Im Jahr 2025 erlebte die Krypto-Welt, wie beispiellose 2,72 Milliarden Dollar aufgrund von Sicherheitsverletzungen verschwanden, was einen neuen Rekord für den Diebstahl digitaler Vermögenswerte trotz eines gedämpften Marktes aufstellte. Diese Vorfälle unterstreichen die anhaltende und sich entwickelnde Bedrohungslandschaft, wobei die größten Krypto-Hacks 2025 die entscheidende Notwendigkeit verbesserter Sicherheitsprotokolle im gesamten Ökosystem unterstreichen.
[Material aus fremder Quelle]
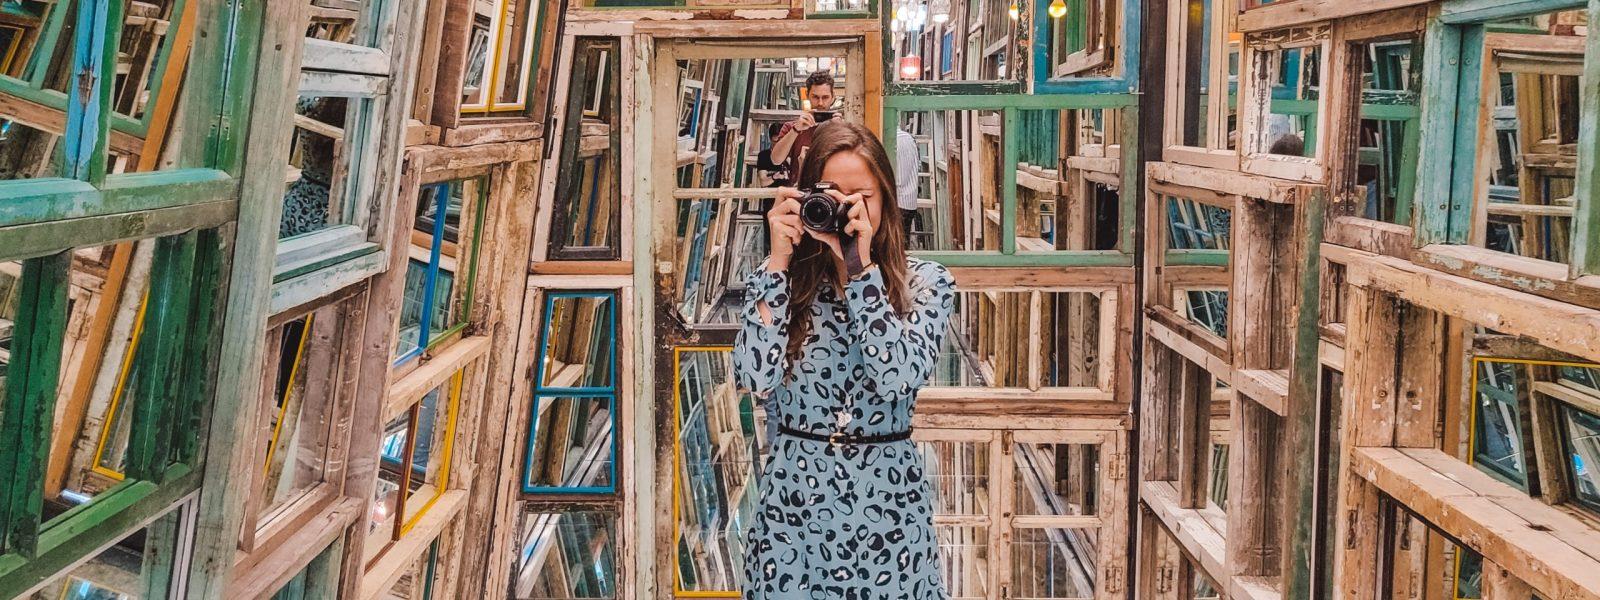 De tofste musea voor moderne kunst in Nederland
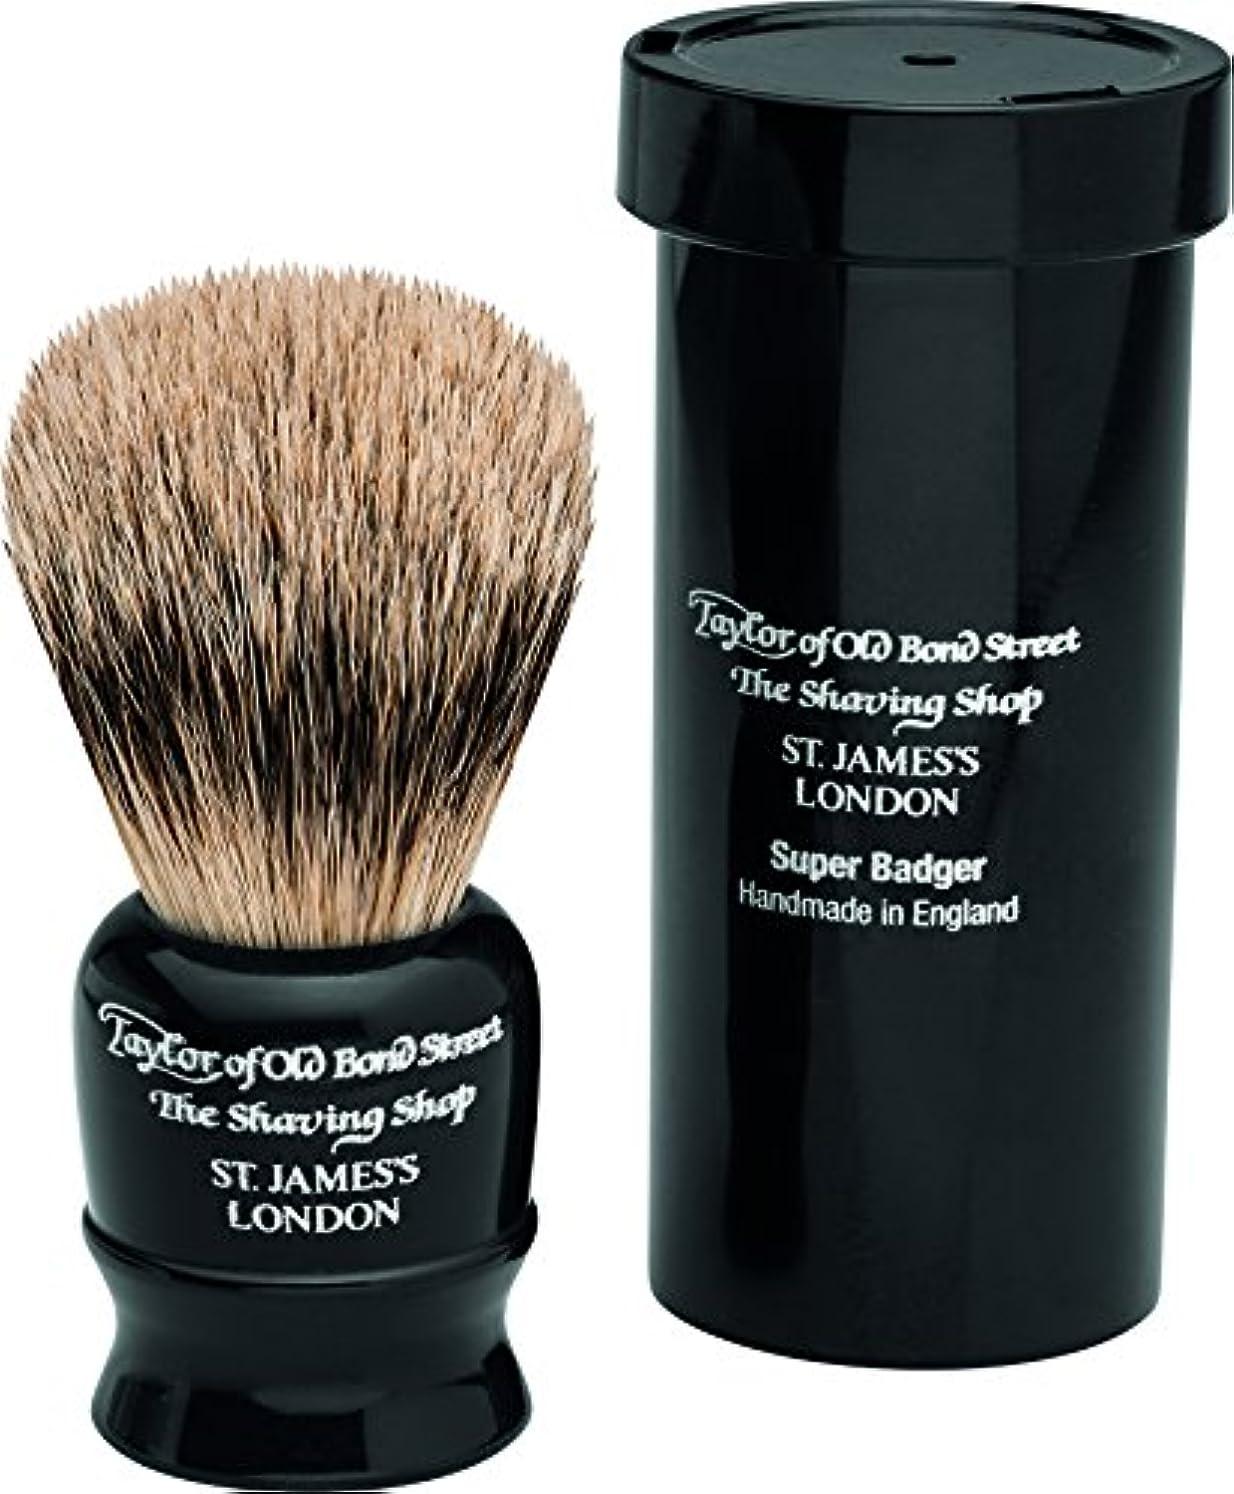 果てしない付ける週末Travel Super Badger Shaving Brush, 8,25 cm, black - Taylor of old Bond Street

Ein erschütterndes Jahr für den Diebstahl digitaler Vermögenswerte
Das Jahr 2025 erwies sich als eine herausfordernde Zeit für die Sicherheit digitaler Vermögenswerte und übertraf frühere Rekorde für gestohlene Gelder. On-Chain-Analyse- und Sicherheitsfirmen berichteten, dass der Gesamtverlust durch Exploits erstaunliche 2,72 Milliarden Dollar erreichte. Dieser Anstieg erfolgte, obwohl die allgemeinen Bedingungen auf dem Krypto-Markt relativ ruhig blieben, was darauf hindeutet, dass sich hochentwickelte Angreifer von den Preisbewegungen nicht abschrecken ließen, sondern sich stattdessen auf die Ausnutzung von Schwachstellen konzentrierten. Sicherheitsforscher stellten eine deutliche Verlagerung hin zu organisierterer und professionellerer Cyberkriminalität fest, wobei Angriffe schneller, besser koordiniert und einfacher zu skalieren waren als in früheren Zyklen.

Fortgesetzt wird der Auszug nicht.